Risk stratification and determinants of cardiac recovery in hemodialysis patients with reduced ejection fraction
摘要
Heart failure and atherosclerotic comorbidities are common among patients receiving maintenance hemodialysis, yet therapeutic options remain limited. We aimed to clarify the long-term prognostic impact of reduced left ventricular ejection fraction (LVEF) and coronary heart disease (CHD) and explore potential determinants of cardiac recovery in this population. We retrospectively analyzed 310 hemodialysis patients who underwent coronary angiography for suspected CHD. Patients were stratified by baseline LVEF (< 40% vs. ≥ 40%) and the presence of CHD. Five-year mortality was compared between the groups, and associations with coronary intervention were examined. In a subset with follow-up echocardiography, changes in LVEF were analyzed in relation to medication use, coronary intervention, and relative post-dialysis body weight reduction. Patients with reduced LVEF had worse survival than those with normal LVEF (log-rank p = 0.001). Moreover, patients with reduced LVEF and concomitant CHD exhibited the poorest prognosis (log‑rank p = 0.001).

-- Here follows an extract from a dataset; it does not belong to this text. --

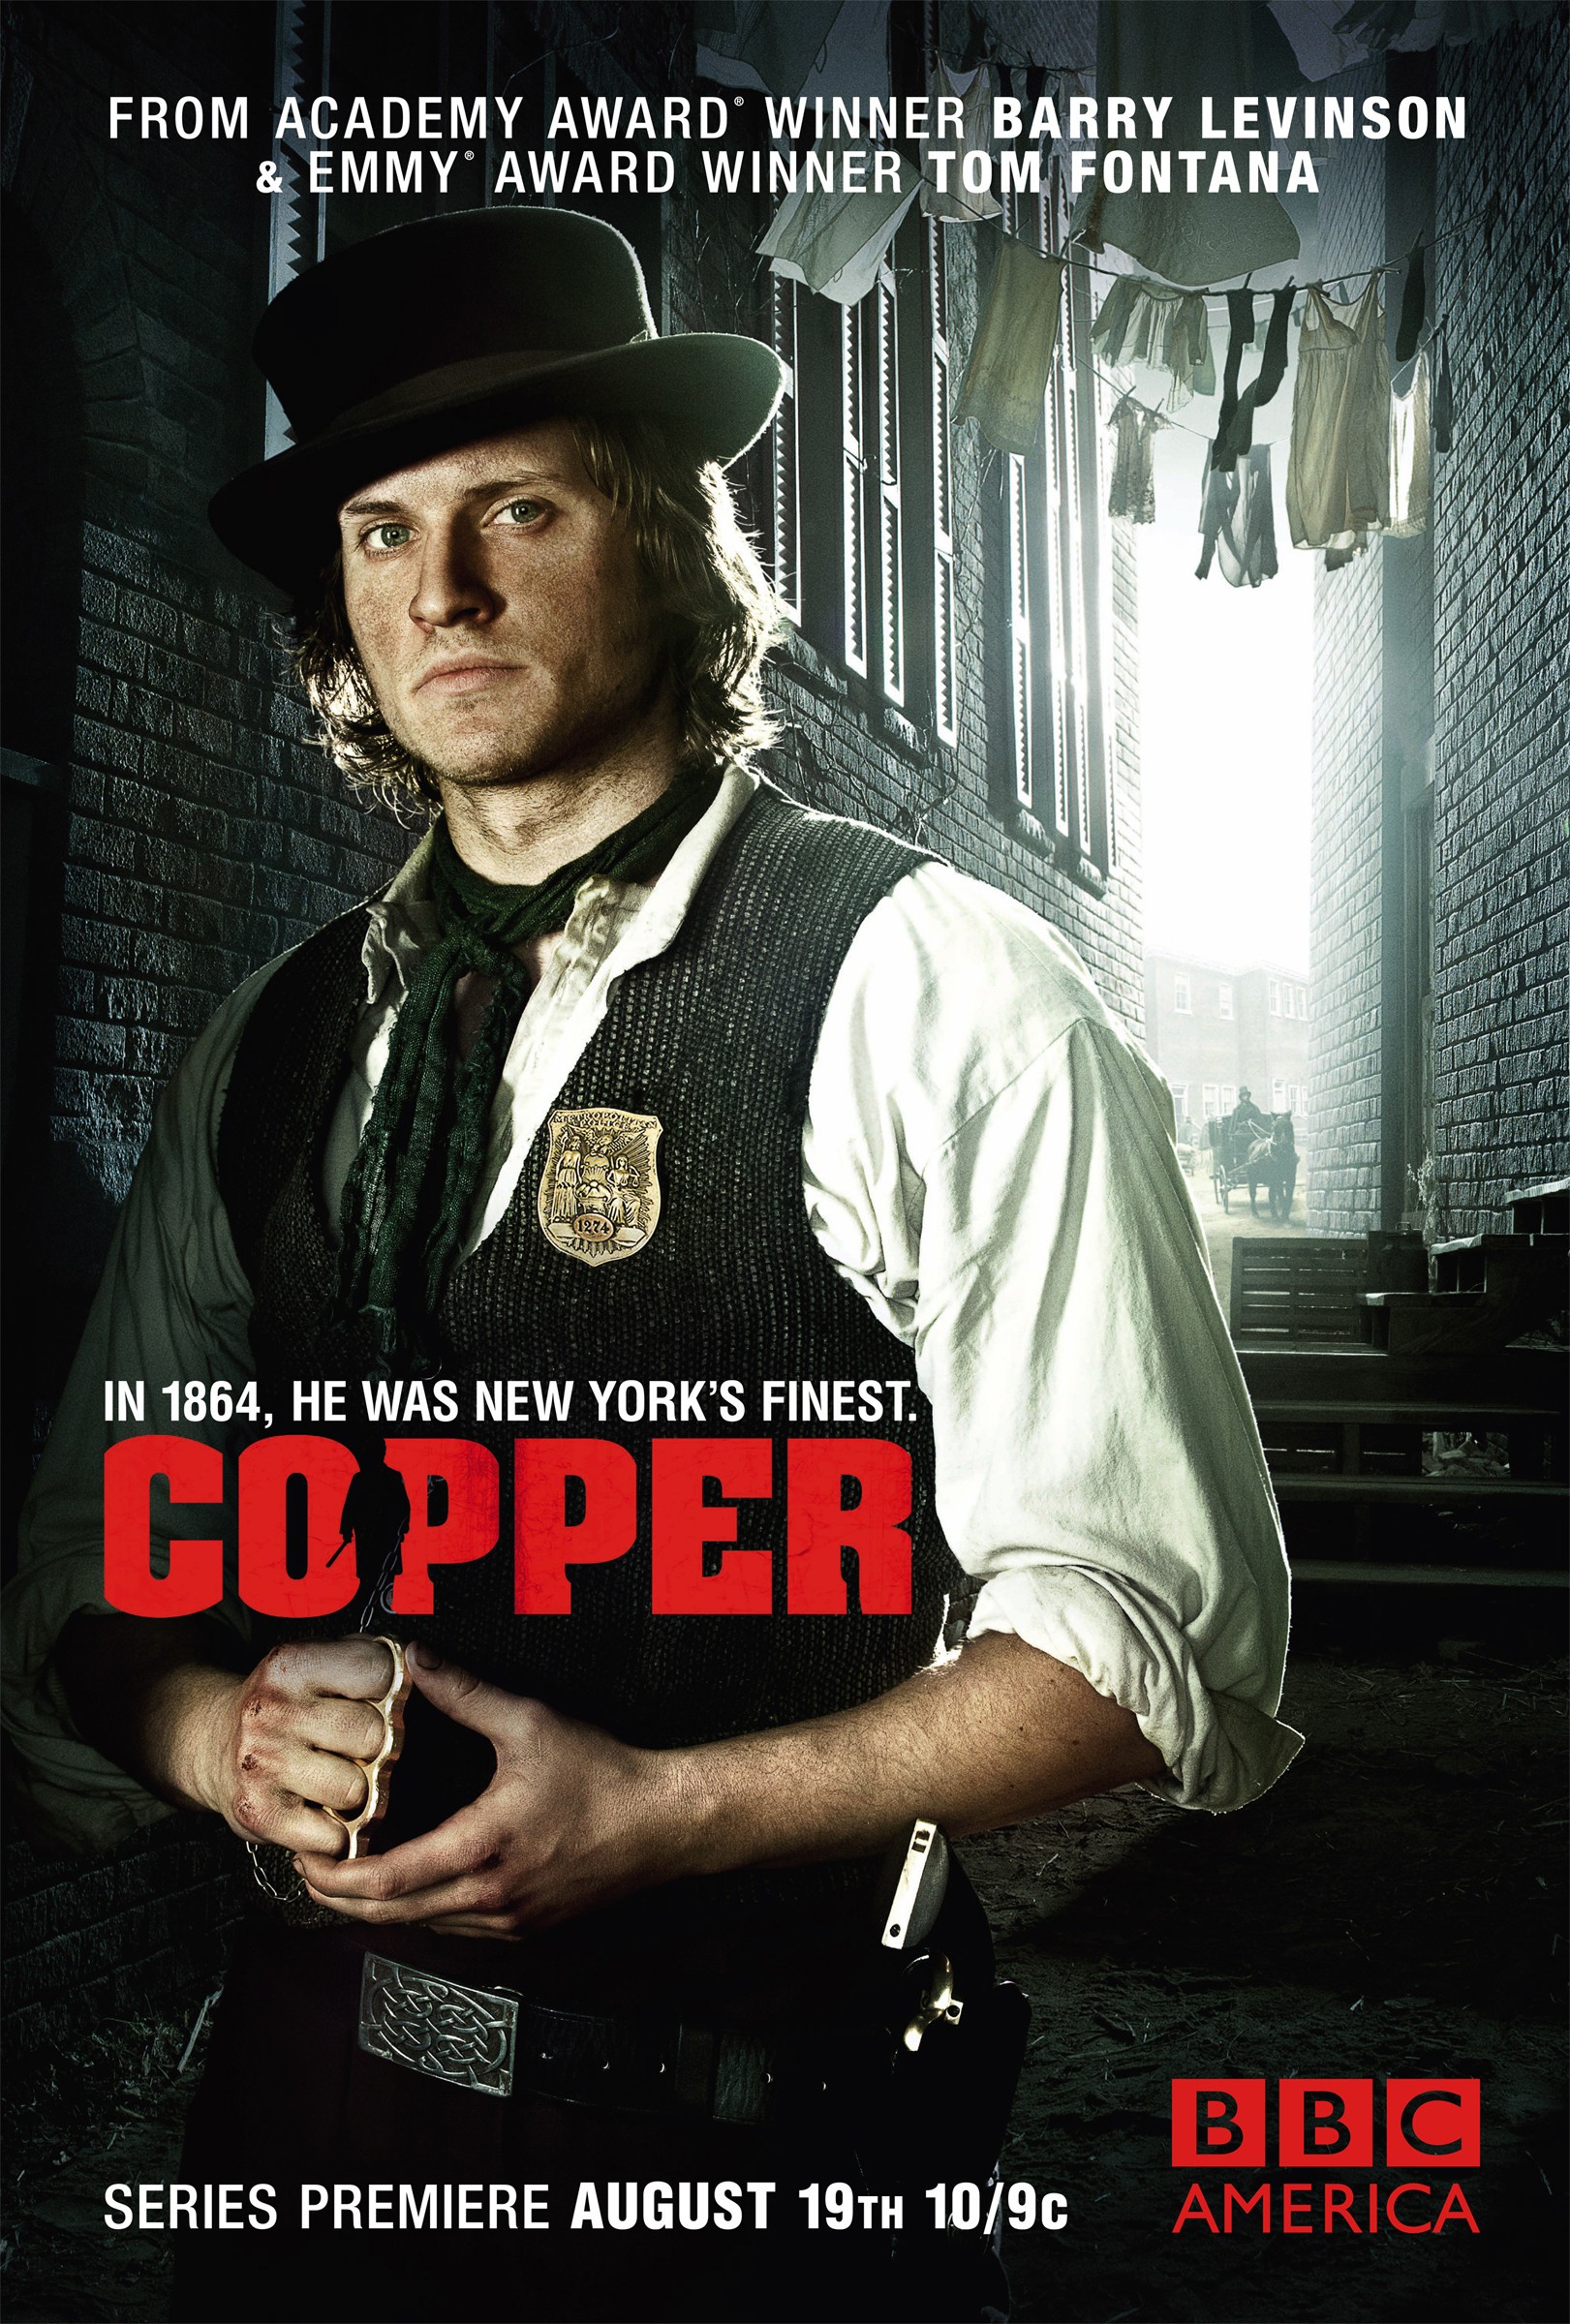 Mega Sized Movie Poster Image for Copper

Neither PCI nor medical therapy was associated with improvement in LVEF. In contrast, greater post-dialysis body weight reduction independently predicted attenuated recovery of cardiac function (HR 0.89; 95% CI 0.81–0.98; p = 0.018), with continuous analyses confirming an inverse relationship between ultrafiltration intensity and ΔLVEF. In hemodialysis patients with reduced LVEF, the coexistence of CHD requiring intervention identifies a high-risk phenotype, while cardiac recovery appears more strongly influenced by dialysis-related physiology than by conventional therapies. These findings highlight the need for personalized care strategies that integrate ischemic risk assessment with individualized dialysis management.